PhD Thesis Defence: Renee Goretsky

Date and Time


Via Videoconference


Renee Goretsky a Doctoral student in Rural Studies in the School of Environmental Design and Rural Development will defend her thesis on "Indigenizing Water Governance For Social Justice Development of Mississaugas of the Credit First Nation Water Framework to Indigenize Water Governance within Treaty Lands and Territory".

Examination Committee:
Dr. Sheri Longboat (SEDRD), Advisor
Dr. Kim Anderson (FRAN), Advisory Committee Member
Dr. Nicolas Brunet (SEDRD), Internal Examiner Member
Dr. Alex Latta  (Wilfrid Laurier University), External Examiner
Dr. Karen Landman, SEDRD, Examination Chair 

Advisory Committee:
Dr. Sheri Longboat (SEDRD), Advisor
Dr. Kim Anderson (FRAN), Advisory Committee Member
Dr. John Fitzgibbon (SEDRD), Advisory Committee Member

Thesis Abstract:
This research asked ‘how can water governance systems be Indigenized to achieve social justice for Indigenous peoples in Canada?’ in response to Canadian water governance injustices for Indigenous peoples. It applied this question to the Mississauga of the Credit First Nation’s (MCFN) need for developing a water framework to Indigenize water governance within its treaty lands and territory, as a partial resolution to its 2016 Water Claim (Aboriginal Title Claim to Waters within the Traditional Lands of the Mississaugas of the New Credit).

Through an emergent MCFN context-specific research methodology adapted from Kovach’s Indigenous research framework, this research explored MCFN’s water values and how they related to MCFN’s Water Claim to develop a water framework; and it aimed to decolonize constructs of social justice and western water governance.

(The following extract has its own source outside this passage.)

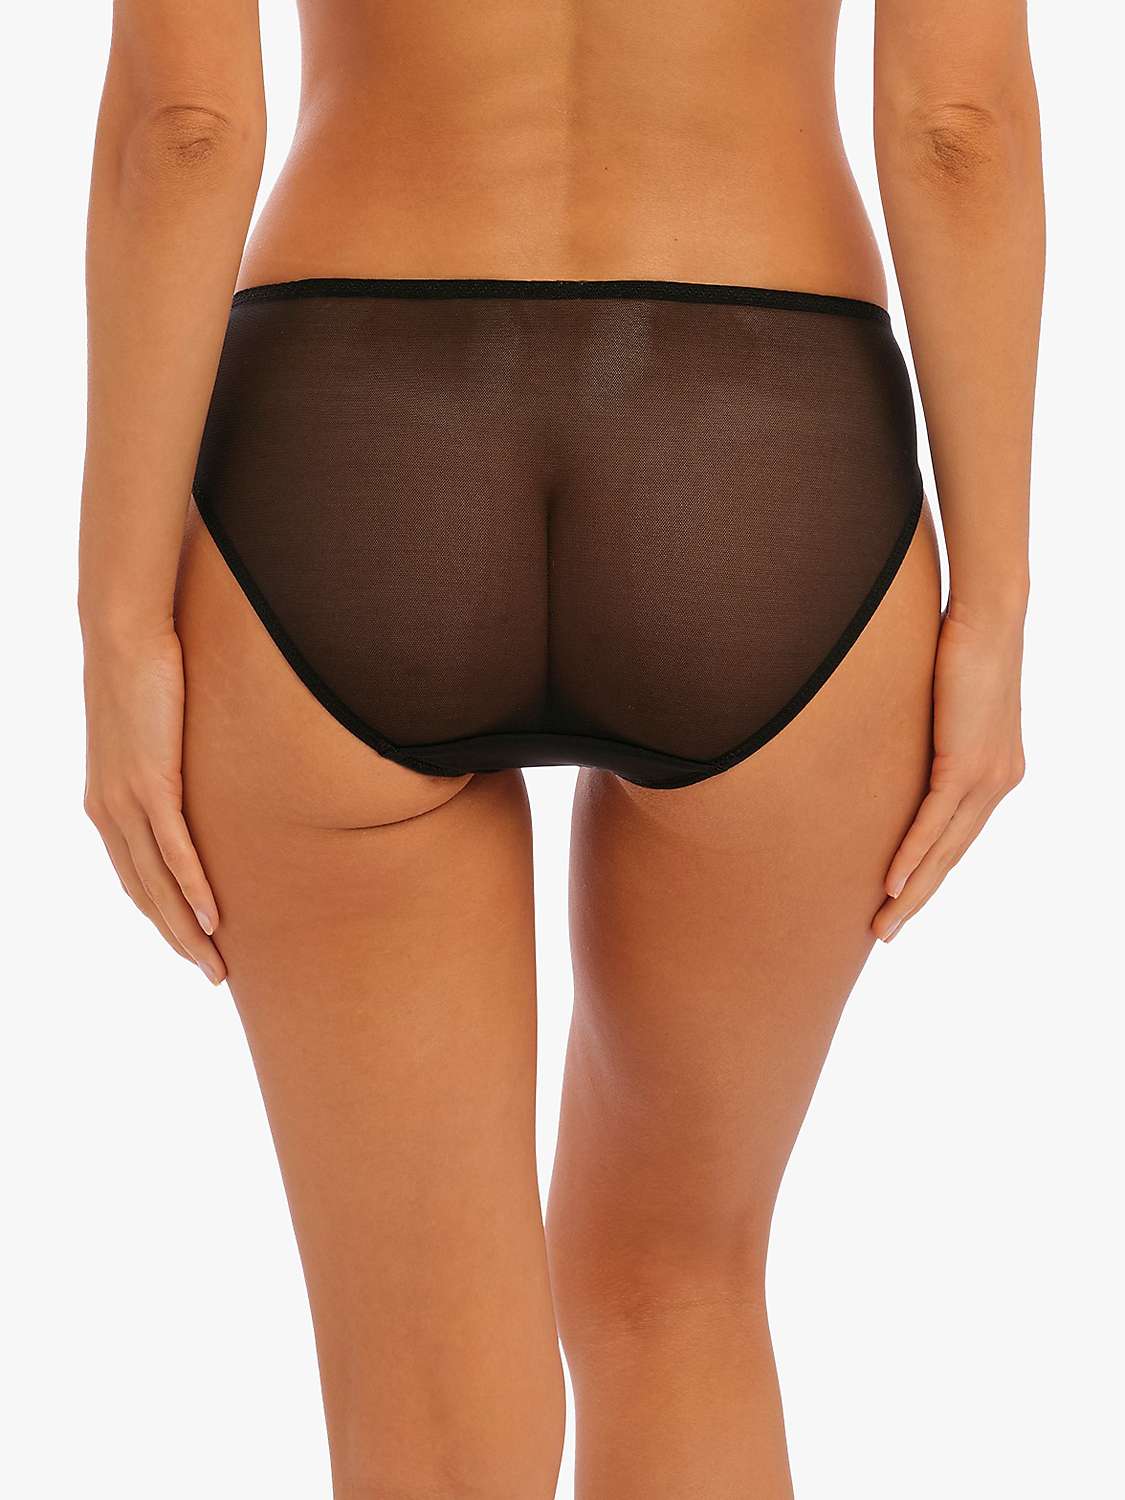 Buy Wacoal Embrace Lace Knickers Online at johnlewis.com

Using qualitative community-based participatory research methods, the key findings, underpinned by a literature-based conceptual framework, were: 1)  MCFN’s water values were multi-faceted and interdependent within plural and intersecting Indigenous identities shaped by historical and contemporary colonial influences and Indigenous resistances; 2) The meanings of MCFN’s Water Claim, correlating to their water values, were:  Healing Ourselves by reconnecting with our Anishinaabe culture; Protecting the water: having a say; and Sustaining Ourselves by reclaiming our inherent, Aboriginal title and treaty rights; 3) MCFN’s multi-dimensional Water Framework, based on the Water Claim meanings, centralized Water is Life and embraced principles, objectives and suggested actions for MCFN’s implementation; 4) MCFN’s Water Framework for social justice as reconciliation related to MCFN’s agency in reclaiming and reconstituting its rights, culture and voice within respectful relationships and social transformations rather than Fraser’s model of economic (re)distribution, political representation and cultural recognition; and 5) MCFN’s Water Framework reconceptualized the resource-based Canadian water governance system to values of interconnectedness, respect, and responsibilities. This was how MCFN saw itself Indigenizing water governance within its treaty lands and territory; and contributing to the larger water governance Indigenizing movements.

The research was significant because it directly addressed a community need, expanded on Indigenous research methodologies, and decolonized western constructs to shift the power hierarchy between the colonizer and Indigenous peoples towards respectful relationships.